Novinha entendit ces paroles, mais au fond d’elle-même, elle n’arrivait pas à croire en elles. Elle savait qu’elle était entièrement responsable, que le mal tant redouté s’était échappé de la partie la plus sombre de son cœur pour frapper son entourage. Elle portait la bête dans son cœur, le croqueur de bonheur. Dieu lui-même souhaitait sa mort.
Non, ce n’est pas vrai, se dit-elle en silence. Dieu ne souhaite pas ma mort, pas de mes propres mains, jamais de mes propres mains. Ce n’est pas cela qui aiderait Andrew, ni les autres. Ça n’aiderait pas, ça blesserait seulement les autres. Ça n’aiderait pas, ça…
Novinha, psalmodiant silencieusement son mantra de survie, suivit le corps suffocant de son mari à l’intérieur du monastère, où, dans l’environnement sacré du lieu, elle se débarrasserait peut-être de toutes ces pulsions autodestructrices enfouies en elle. Je dois penser à lui désormais, pas à moi. Pas à moi. Pas à moi.
6
« La vie est une mission suicide »
Pacifica était aussi variée que n’importe quelle autre planète, avec des zones tempérées, des calottes polaires, des forêts tropicales, des déserts et des savanes, des steppes et des montagnes, des bois et des plages. Ce n’était pas une planète jeune. En plus de deux mille ans d’occupation humaine, toutes les zones où les humains pouvaient vivre confortablement avaient été occupées. Il y avait de grandes cités et de vastes prairies, des villages et des fermes dispersées ici et là, ainsi que des stations de recherche sur les sites les plus reculés, que ce soit en altitude ou au niveau de la mer, à l’extrême Nord ou à l’extrême Sud.

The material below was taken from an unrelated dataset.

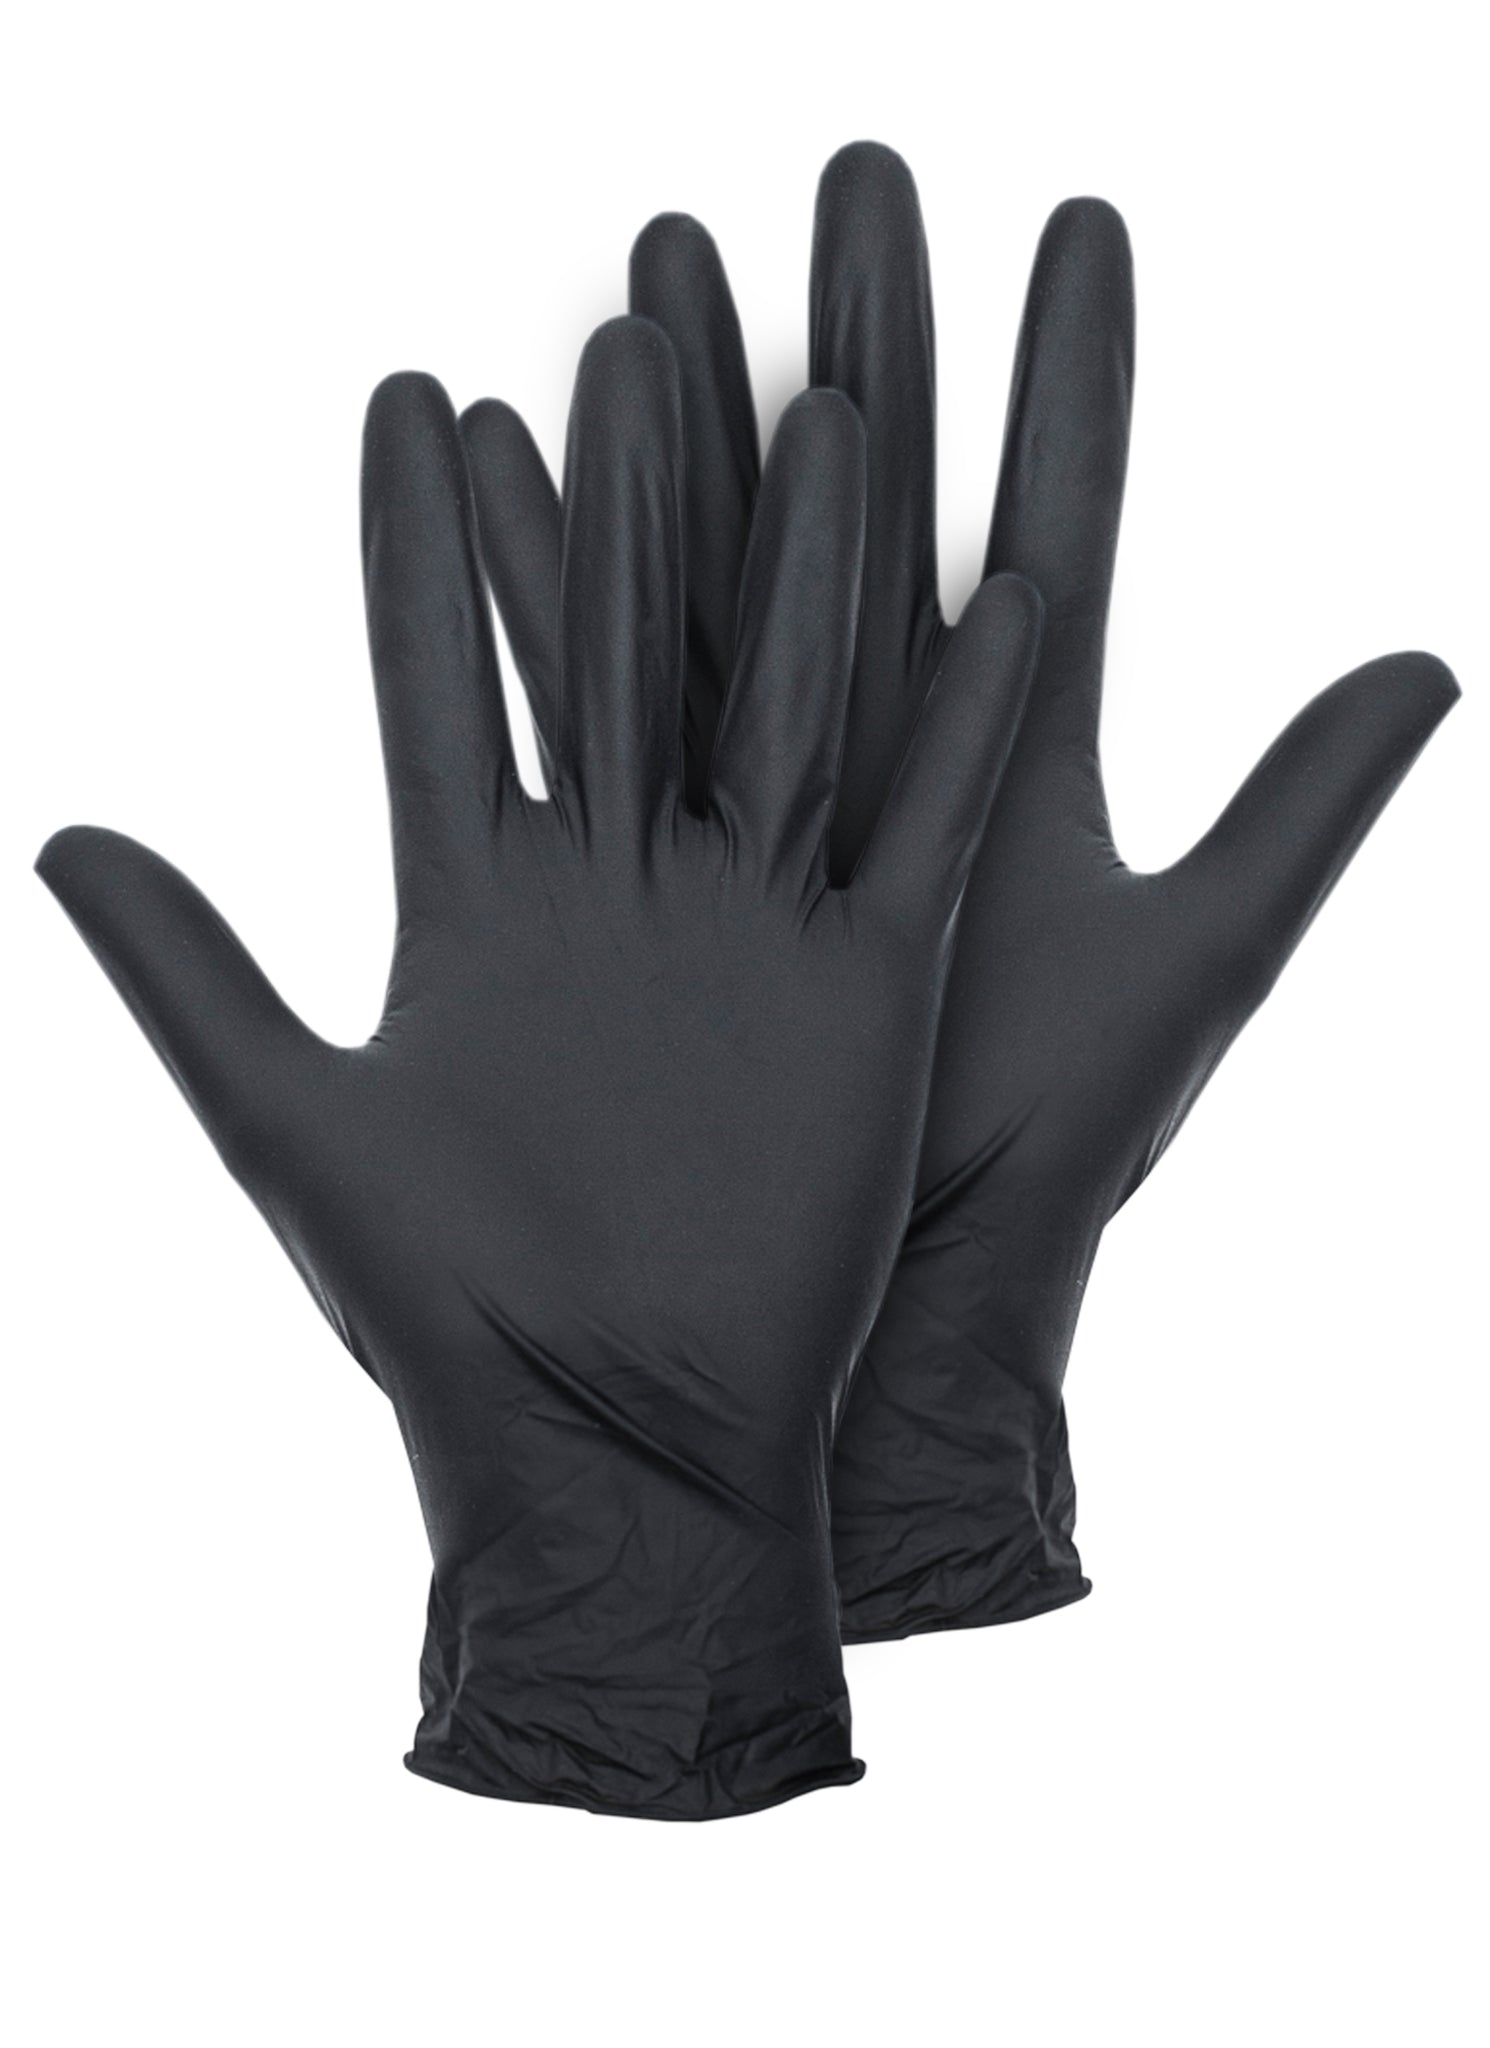 Montana - Black Latex Gloves  Size Small  Box of 100

Mais le cœur de Pacifica avait toujours été constitué par les îles tropicales de l’océan appelé Pacifique, en souvenir du plus grand océan sur Terre. Les habitants de ces îles ne vivaient pas forcément selon un mode de vie traditionnel, mais le souvenir du temps passé était présent derrière chaque son et en filigrane de tout ce que l’on voyait. Ici, on buvait encore le kava sacré lors de cérémonies traditionnelles, on entretenait la mémoire des héros anciens, et les dieux parlaient toujours aux initiés, hommes et femmes. Et si l’on retournait ensuite à des huttes de paille équipées de réfrigérateurs et d’ordinateurs, quelle importance ? On ne refusait pas les cadeaux qu’offraient les dieux. L’astuce consistait à trouver un moyen d’accueillir certains aspects du modernisme sans nuire au mode de vie traditionnel.